The problem is, most redaction tools either:

require uploading your files somewhere (which raises privacy concerns), or
permanently destroy the original information once redacted

We wanted to build something that felt safer and more practical — a tool that:

works entirely on your device
is easy enough for non-technical users
and doesn’t force you to lose your data forever

That’s how PrivacyShield came about.

What We Built

PrivacyShield is a local-first PDF redaction tool that automatically finds and hides sensitive information — while still letting you recover it later if needed.

Here’s what it does:

Automatically detects PII (Personally Identifiable Information) using a multilingual NLP pipeline (English, German, French, Italian, Spanish)
Redacts sensitive content by placing black boxes directly over it — without breaking the document layout
Encrypts the original data into a secure .privacyshield file
Supports reversible redaction — only the document owner can restore the original information
Works with text PDFs, scanned PDFs, and mixed documents
Runs completely locally — nothing leaves your machine
Provides a simple REST API (/redact and /unredact) for integration

The system follows a clean pipeline architecture:

PDF Input
    ↓
Analyzer  →  classify each page (text / scanned / mixed)
    ↓
Text pages    → Extractor → NER Engine → Redactor → PDF Rebuilder
Scanned pages → pypdfium2 → PaddleOCR  → Image Redactor
Mixed pages   → both pipelines run and results are merged
    ↓
Key Manager → encrypt token map → .privacyshield file
    ↓
Redacted PDF + Encryption Key (shown once to user)

How We Built It

NLP Layer — Presidio + spaCy

We used Microsoft Presidio as the NER backbone, extended with custom pattern recognizers for:

Swiss AHV/AVS numbers (756.XXXX.XXXX.XX)
IBANs with mod-97 checksum validation
UUIDs, TAX IDs, RF creditor references
Policy numbers, invoice numbers, and any value following a label word like "number", "no.", "#"
Multilingual support via spaCy models for DE, FR, IT, ES, EN

We run NER line by line to prevent entities from spanning across newlines, and apply a post-processing pipeline to remove false positives — filtering duration expressions like "30 days", company names, and label words like "Email" or "Phone" being detected as person names.

PDF Layer — pdfplumber + PyMuPDF

pdfplumber extracts text with character-level coordinates.

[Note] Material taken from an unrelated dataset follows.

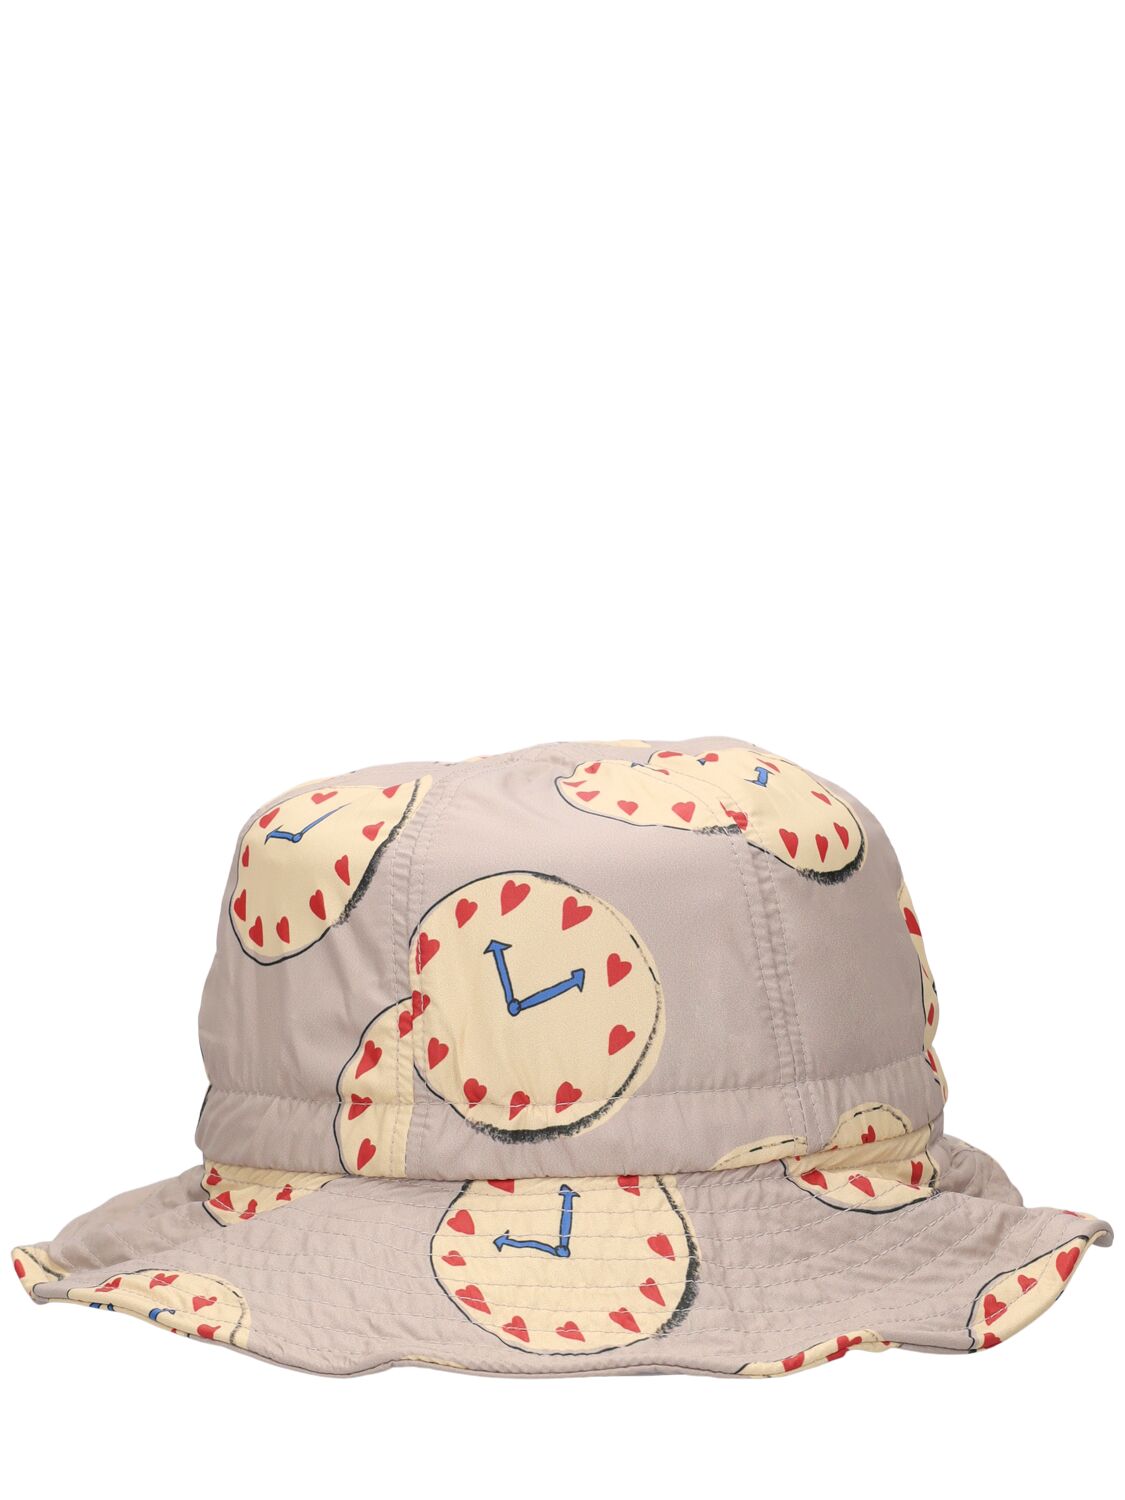 Jellymallow Kids' Clock Printed Cotton Bucket Hat In Grey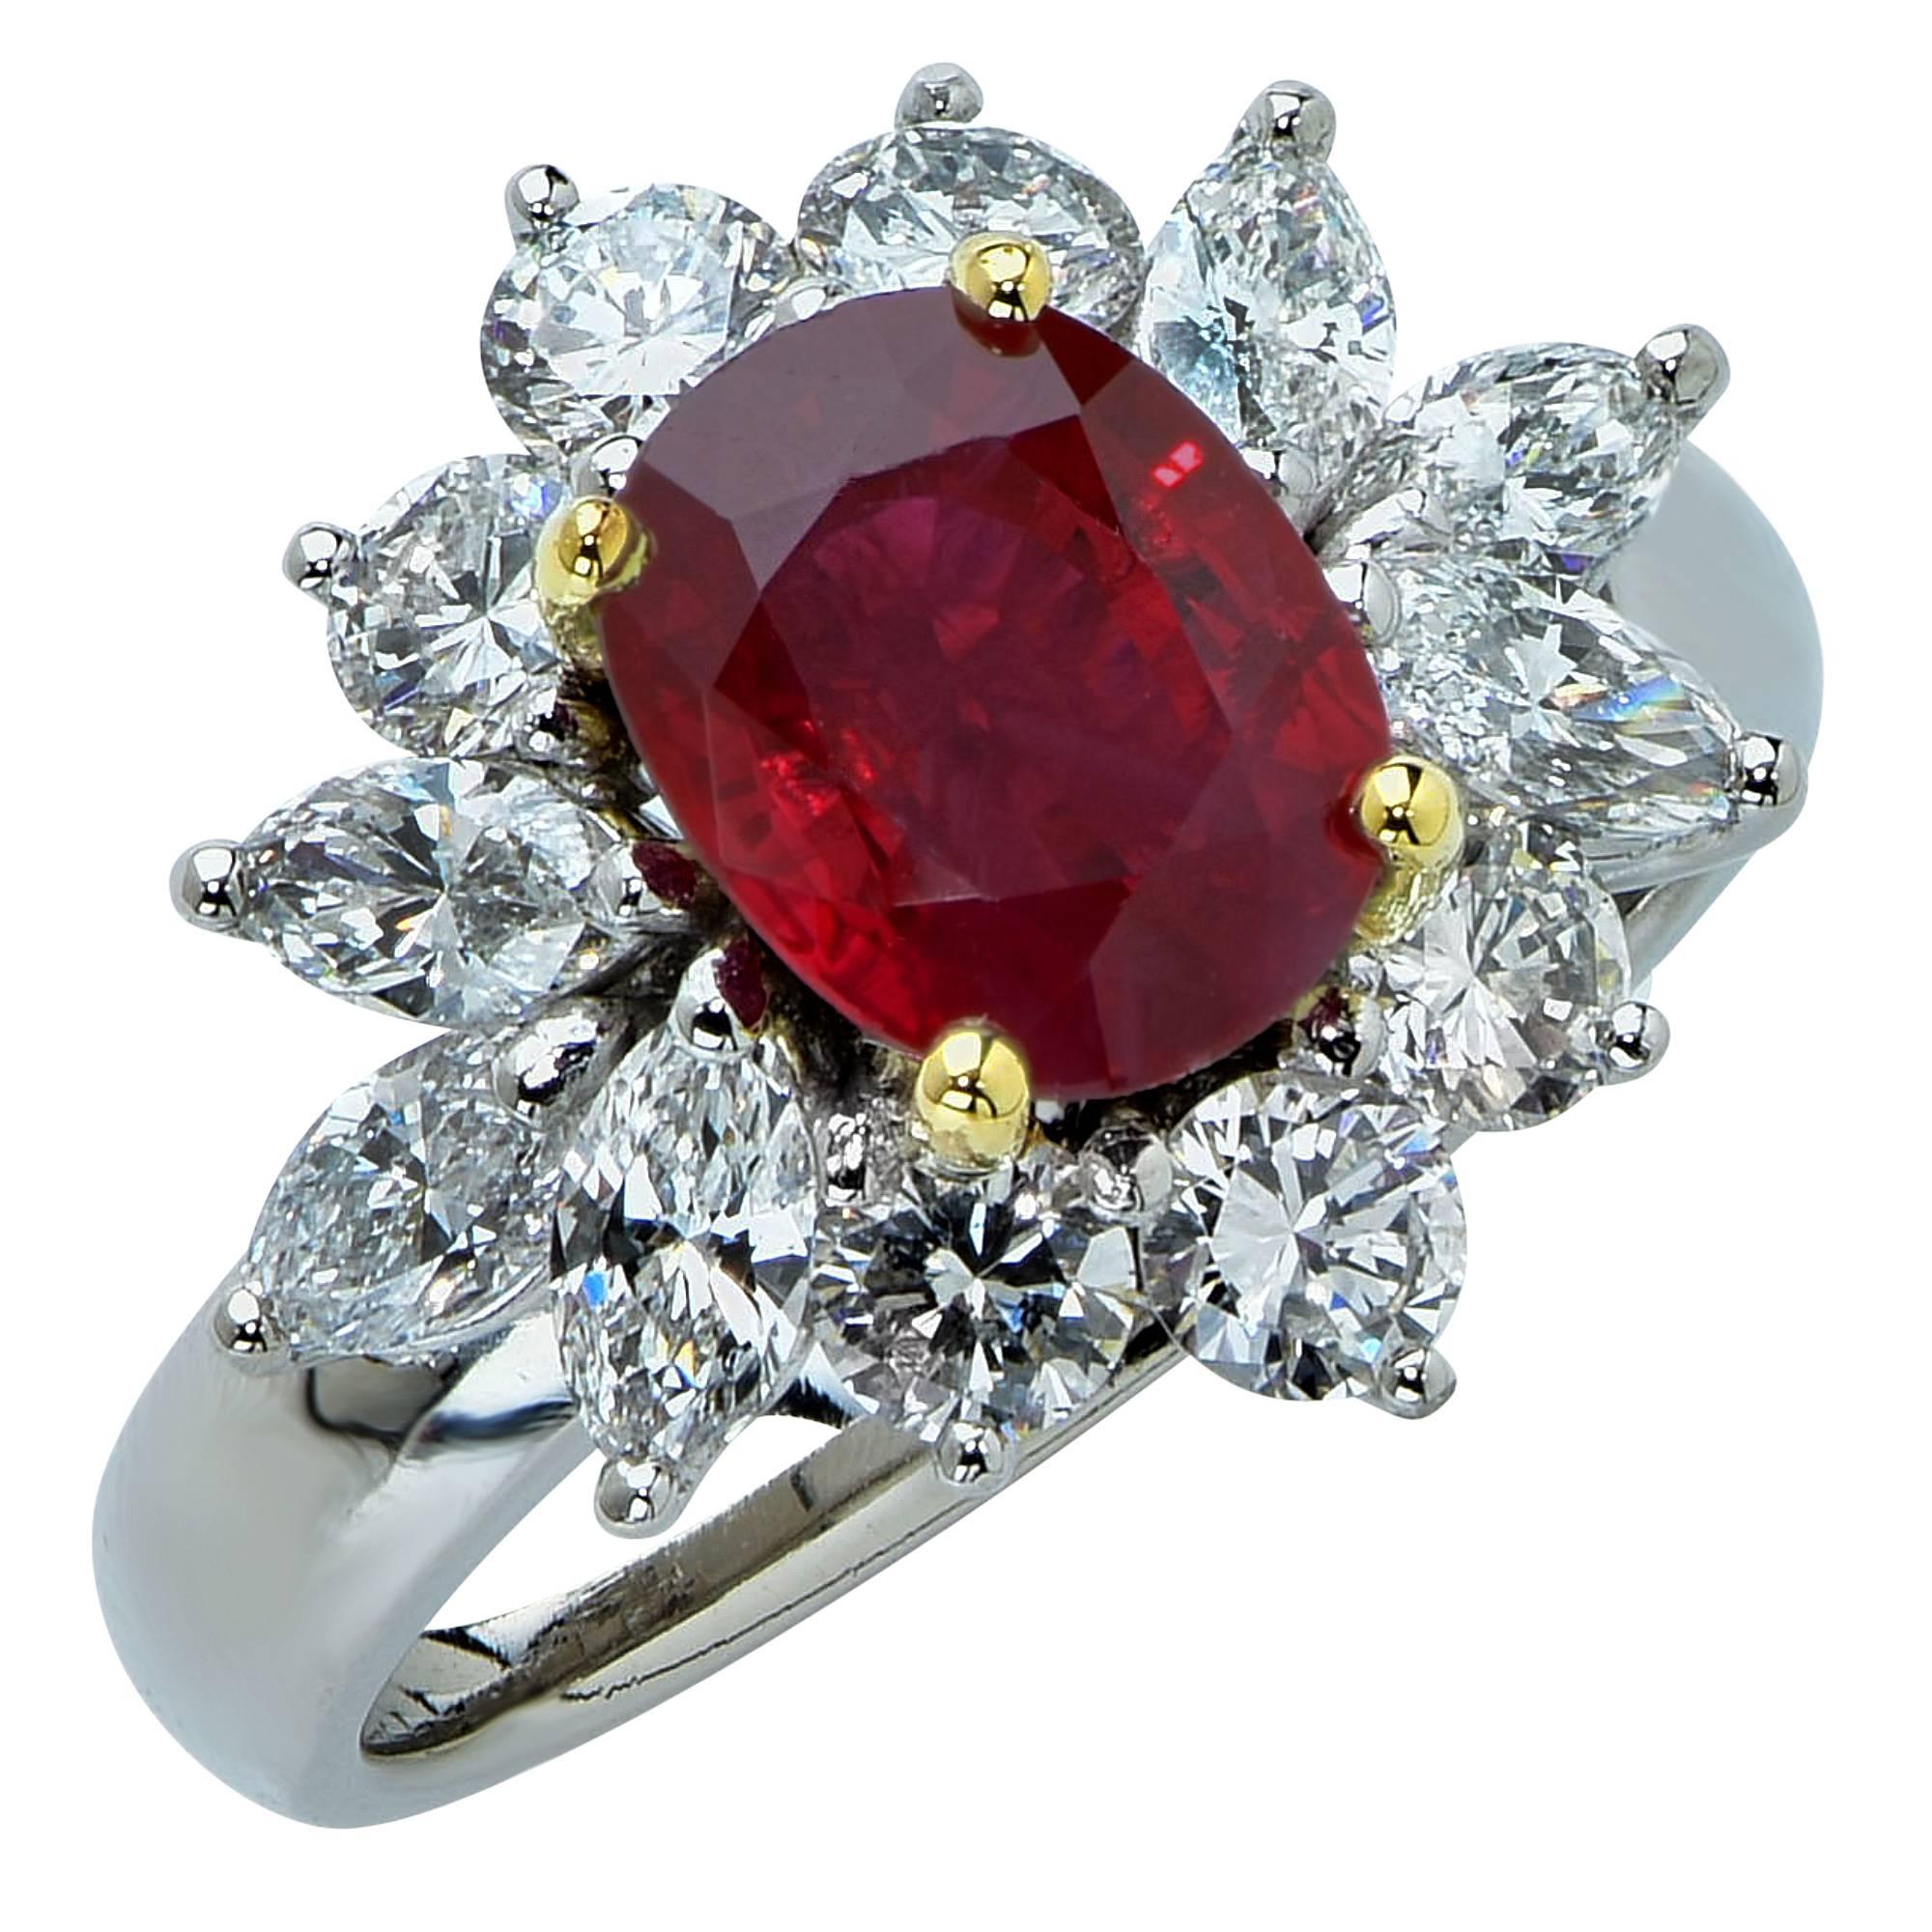 2.18 Carat Burma Ruby and Diamond Ring

PyMuPDF then searches for each detected PII string and draws a permanent black redaction box at the exact pixel location, with a white [TOKEN_ID] label on top so reviewers know what was redacted without exposing the original value.

Image Layer — pypdfium2 + PaddleOCR + PIL

For scanned pages, pypdfium2 converts each page to a high-resolution PIL image. PaddleOCR then extracts text with pixel-level bounding boxes. PIL draws black boxes directly on the image layer over detected PII regions, with token labels drawn in white text on top of each box.

Encryption Layer — Fernet

The token map ({"NAME_1": "John Smith", "SSN_1": "123-45-6789"}) is serialized to JSON, encrypted using Fernet symmetric encryption, and saved as a .privacyshield file. The encryption key is shown to the user exactly once and never stored — following the principle that only the document owner can decrypt their own data.

The math behind Fernet encryption uses AES-128-CBC with HMAC-SHA256 for authentication:

$$C = \text{AES}_{128\text{-CBC}}(K, M) \quad \text{with} \quad \text{HMAC-SHA256}(K, C)$$

API Layer — FastAPI

A FastAPI backend exposes two core endpoints:

POST /redact — accepts a PDF, runs the full pipeline, returns redacted PDF + encryption key
POST /unredact — accepts redacted PDF + key, restores the original document

The restore flow embeds the encrypted original PDF bytes directly into the redacted file using a payload marker, so the user only needs to keep two things: the redacted PDF and their key.

Challenges We Faced

1. Coordinate System Mismatch

pdfplumber and PyMuPDF both claim to use PDF coordinates but differ subtly in how they report bounding boxes. We spent significant time debugging why black boxes appeared in the wrong position before discovering both use top-origin coordinates — eliminating the need for coordinate flipping.

2. NER Spanning Across Newlines

Presidio's analyzer treated multi-line text as a single string, causing entities like "John Smith\nSSN" to be detected as a single PERSON. We solved this by running NER line-by-line and tracking character offsets to map results back to the original document.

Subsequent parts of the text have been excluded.